After a number of years in La Ciatot, Denny decided to trade his rustic life in the vineyard for the rising art world of Cannes and then Paris, to be closer to his colony of artistic friends, some of them quite famous. In Cannes he lived in a simple third-floor apartment and made frequent visits to his friends' homes and studios in Antibes. Then in Paris, he bought a small apartment in the Bastille district, where he loved the hustle-bustle and lack of pretension of the then working-class neighborhood. By the time he moved to Paris, his painting style had begun to change dramatically, from largely representational to completely abstract. He began to paint on canvas stretched out on the floor, dropping diluted paint from above and creating rich multicolored patterns. An Italian art critic "discovered" him and hailed him for his new style in a book published in Italian.

In the early 1960s, Denny's paintings attracted attention in the United States. After the success of a gallery show in Los Angeles in 1964, he returned to live in Santa Barbara, where he had a number of shows at the Esther Baer's Gallery. In the tumultuous politics of the late 1960s and early 1970s, in association with his dear friend Kit Tremaine, he became increasingly active in the civil-rights and anti-Vietnam-war movements. And then in the late 1970s he and Kit moved north to the small coastal town of Elk, in Mendocino County. He designed and built a house for each of them and was thrilled by the light and views from his house and studio, perched on a cliff overlooking the Pacific Ocean. In what was to be perhaps the most prolific period of his artistic career, his painting style again evolved, this time to slightly abstract and vibrantly colored landscapes inspired by his new surroundings.

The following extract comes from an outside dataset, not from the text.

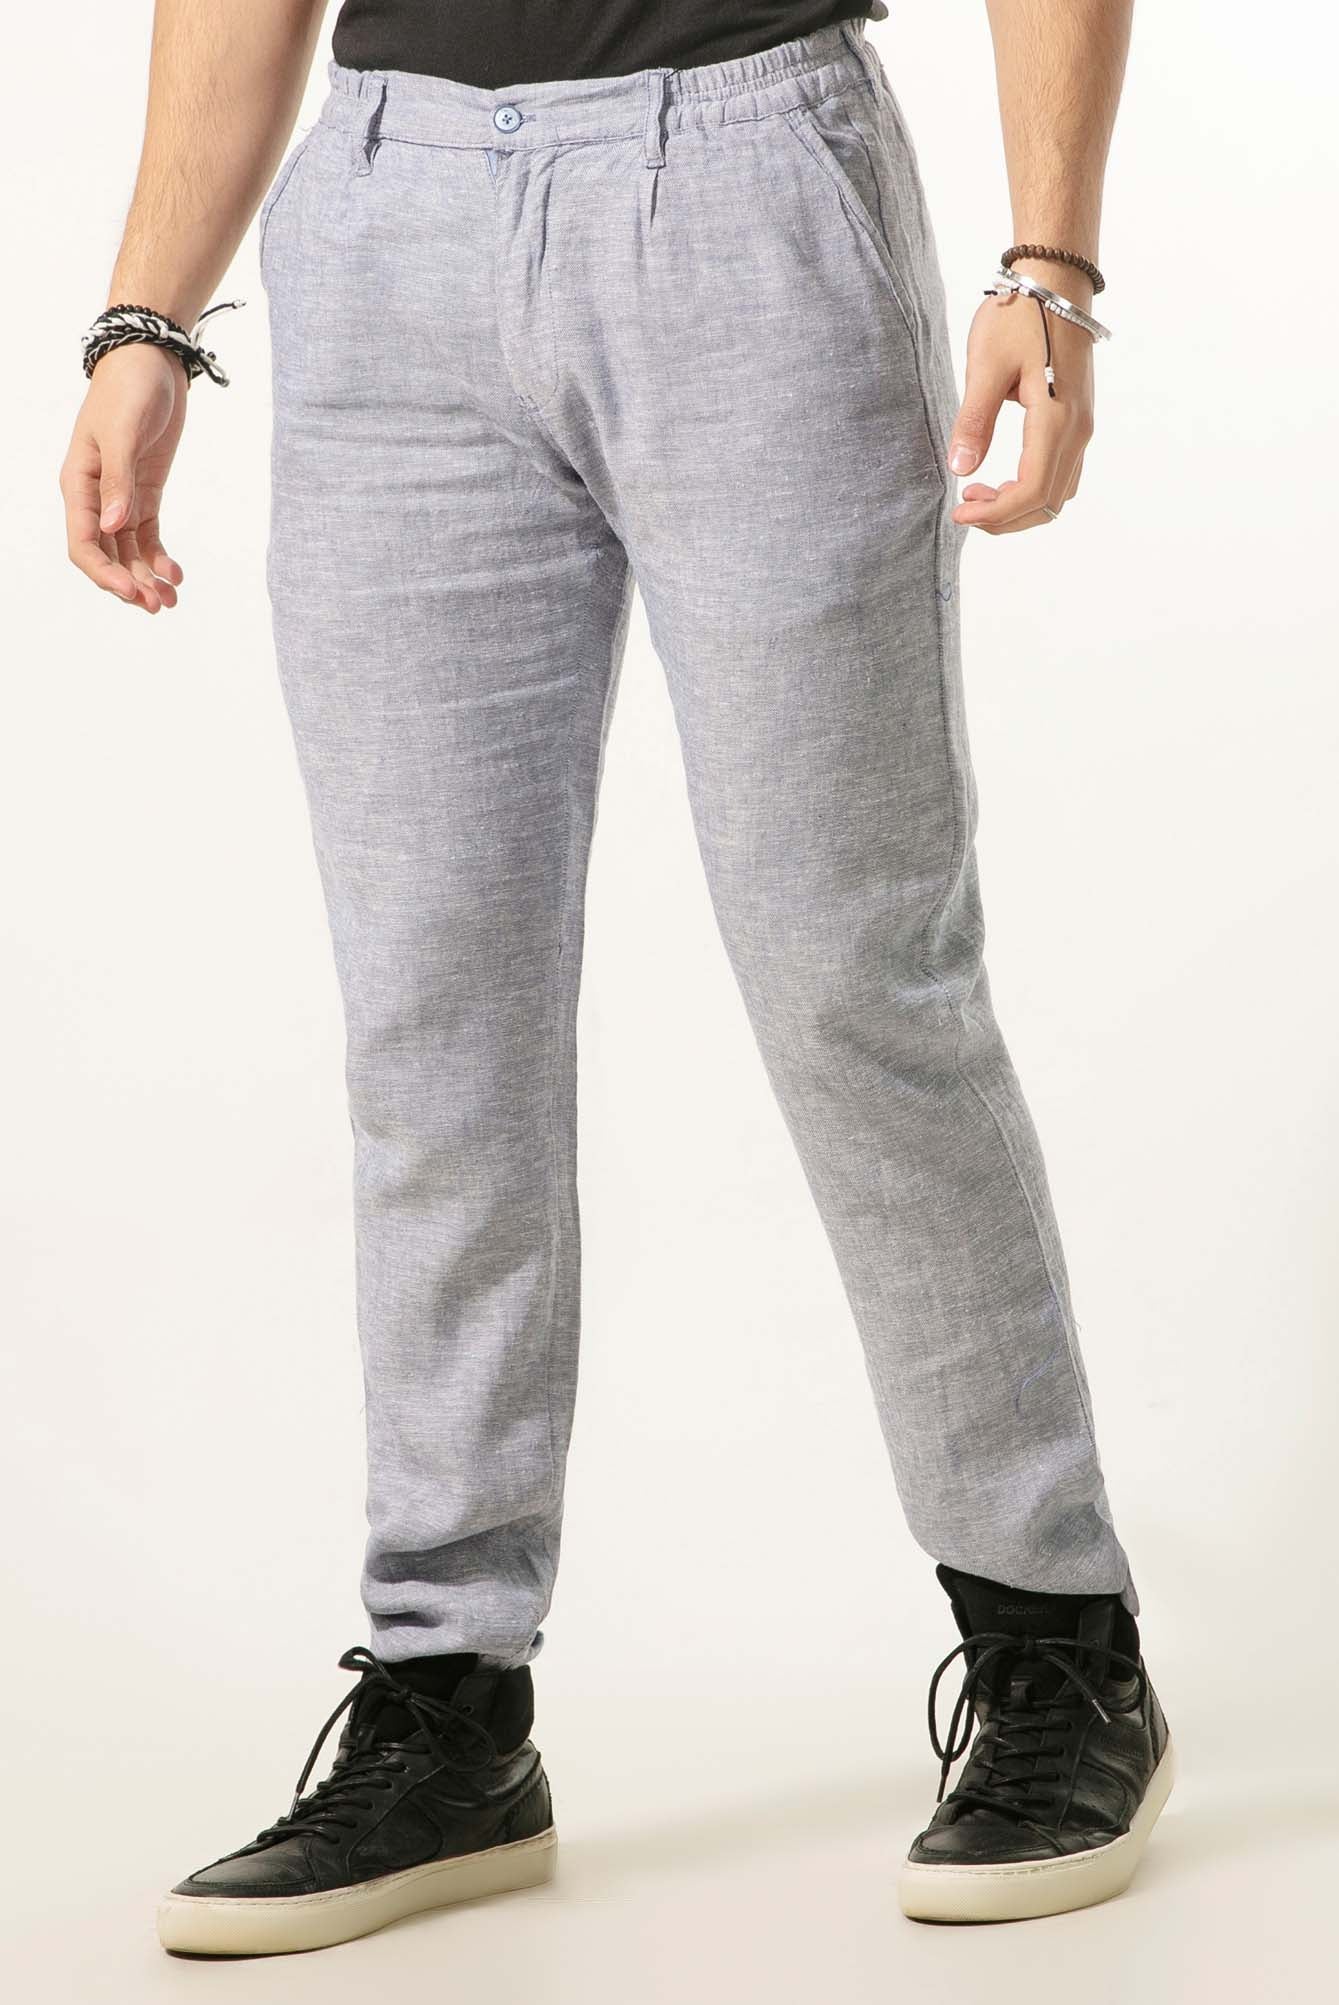 GTS-6302 PULL ON TROUSER NAVY
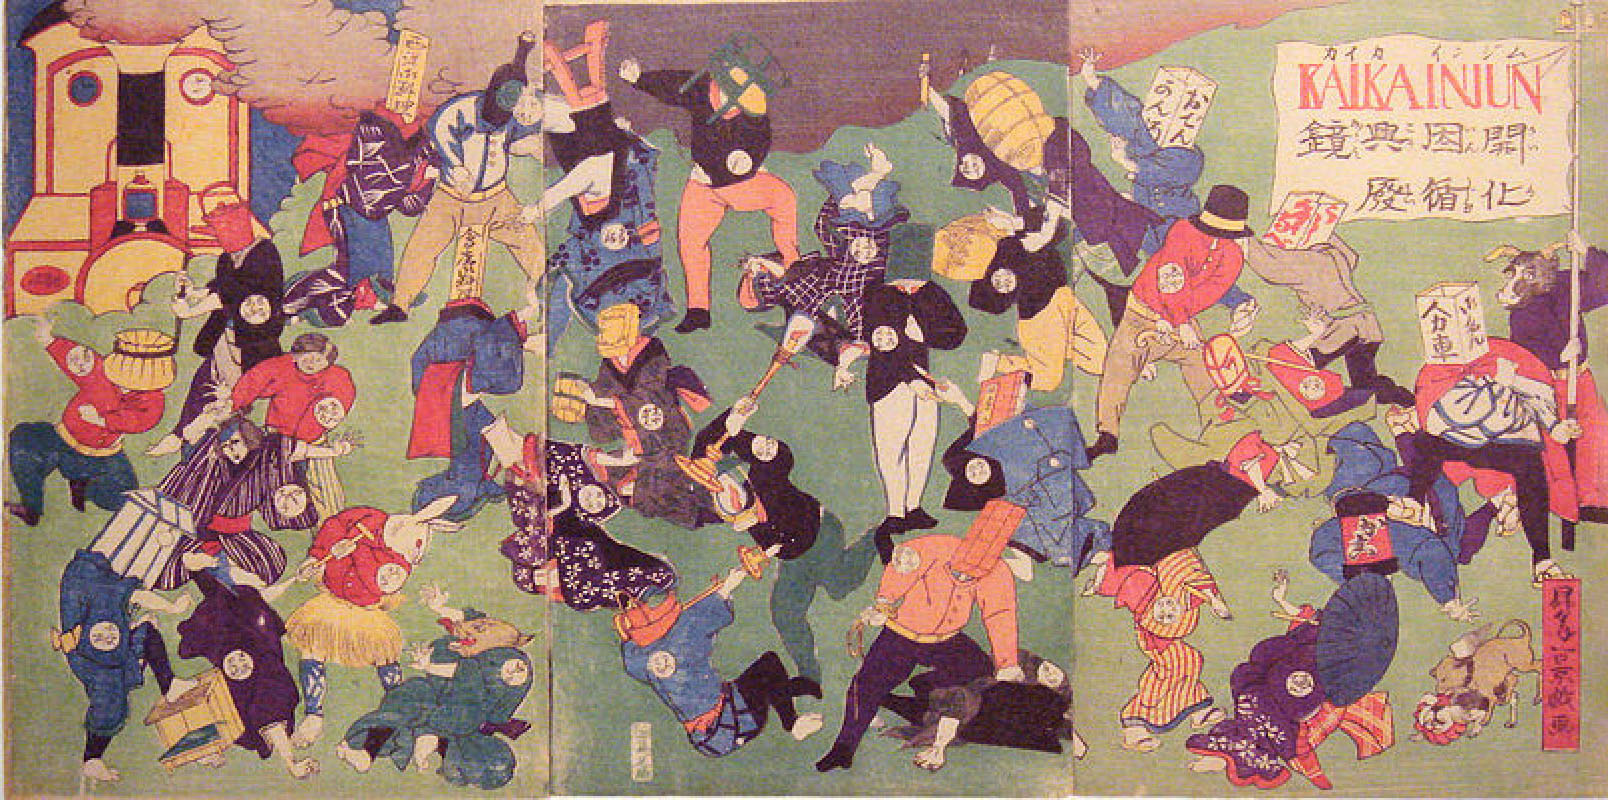 This image shows Japanese people in traditional clothing fighting western objects including electric lamps and chairs.

In the early 1980s, Denny moved to San Francisco, where he continued to paint in his Victorian house in the Castro District and had a number of shows at local galleries. By the mid-1990s, Denny's ability to paint was slowed down and then completely stopped by problems with his hands that surgery failed to correct. Instead of painting, the highlight of each day became his walk of an hour or two to explore surrounding neighborhoods and appreciate the diverse architecture and street life of San Francisco. Denny, who never married or had children, always derived great pleasure from keeping up with numerous nieces, nephews, cousins, and friends in the United States and France. His paintings now reside in the permanent collections of a number of museums, including the Santa Barbara Museum of Art. He is survived by his sister Ruth Seaman of Coronado and twelve nieces and nephews.